Martyn Frost FCIB, TEP
Trustee Manager, Barclays Bank Trust Company Limited
and Vice-President, The Association of Corporate Trustees

(From Issue 6,January 1999)

Publication of the Court of Appeal judgement in Bogg v Raper (The Times 22nd April 1998) has served to focus attention on exoneration clauses again, following the previous recent review in Armitage v Nurse (1998) All ER 705`.

Whilst some may take comfort in the court finding for the executors of the will, the return of this subject does raise awkward questions for those who are profes­sionally involved with the administration of estates and trusts and seek the protection of exoneration clauses.

What happened in Bogg v Raper? 

In Bogg v Raper it is reported that the testator’s estate was sworn for probate at £8m and that some £6m of this was one private company shareholding (78.3% interest in the company).  Within two years of the date of death of the testator this holding was worthless.  Other private company interests were sworn for probate at over £1.1m but they in turn only realised in total £83,000.  The executors of the will were a solicitor and an accountant.  What is not known, as the Court of Appeal found it was not necessary to decide on the issue, was whether or not the loss from the private company interests arose through the negligence of the executors.  The beneficiaries contended that these losses arose through the negligence of the executors in that they:-

  • failed to exercise proper control of the busi­ness
  • failed to keep themselves informed of its financial position
  • failed to take adequate steps to prevent its value being destroyed
  • failed to appoint a new chief executive in suc­cession to the testator
  • left the conduct of the business in the hands of the twenty percent share holder when it was alleged that there was reason to doubt his hon­esty
  • lent or guaranteed substantial sums of money without security to a number of unprofitable or untried companies resulting in losses of £4m

Allegations such as these inevitably bring one to Bartlett v Barclays Bank Trust Company Ltd (1980) All ER 139 and the finding in that case that the pro­fessional trust company involved was liable for its failure to exercise proper control of a company.  It will be remembered in that case that Brightman J was of the opinion that “a higher duty of care is plainly due from someone like a trust corporation which carries on a specialised business of trust management…”.  However, Bartlett was not an issue for consideration if the contention of the ex­ecutors was accepted by the court.
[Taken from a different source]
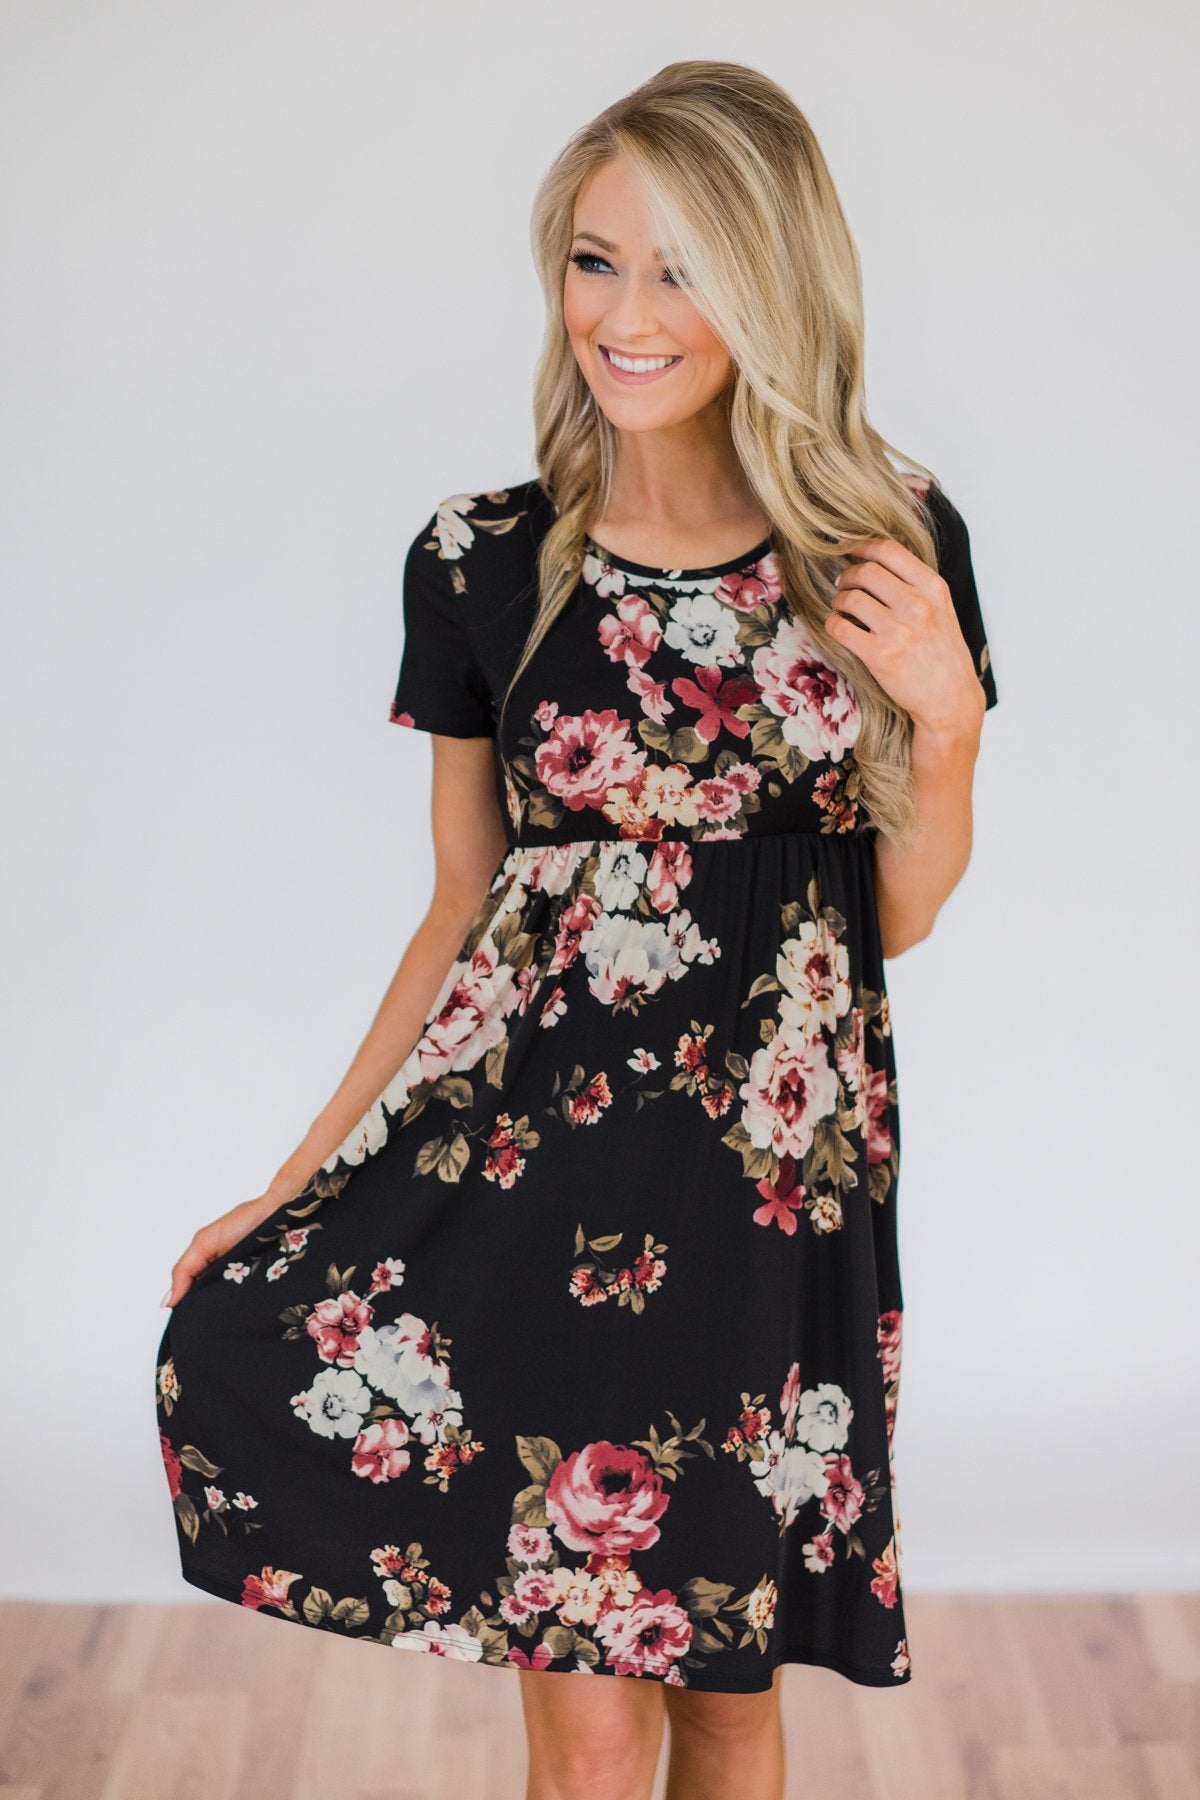 Best Is Yet To Come Floral Short Sleeve Dress- Black – The Pulse Boutique

The executors contended that this issue of negli­gence could not arise as the will provided that:-

“……no trustees (other than a trust corpo­ration) shall be liable for any loss to the trust premises arising by reason of any improper investment made in good faith or for the negligence or fraud of any agent employed by him or by any other trustee hereof, although the employment of such agent was not strictly necessary or expedi­ent, or by reason of any mistake or omis­sion made in good faith by any trustee hereof or by reason of any other matter or thing except wilful or individual fraud or wrongdoing on the part of the trustee who is sought to be made liable”.  (N.B. the Court found that “wilful or individual fraud” should have read “wilful and indi­vidual fraud”.)

It was held by the court, both at first instance and in the Court of Appeal, that this clause was effec­tive to exonerate the executors and that no consid­eration of the beneficiaries’ claims of negligence was necessary. 

Issues arising from exoneration clauses

However for the purposes of this article let us as­sume hypothetically that the plaintiff’s allegations were true and the losses arose through the negli­gence of the LPRs.  Under these circumstances the effect of the exoneration clause would have been to prevent the beneficiaries’ redress for the loss of a considerable sum.  Given that position, would it be morally defensible for professionals, who will take fees for their services in acting as executors, to take shelter behind such a wide-ranging exonera­tion clause as was used inBogg v Raper?  Quite clearly the courts currently view it as being legally defensible for them to do so, but in order to pro­mote the interests of those professions involved in this work a case can be made for it being morally indefensible.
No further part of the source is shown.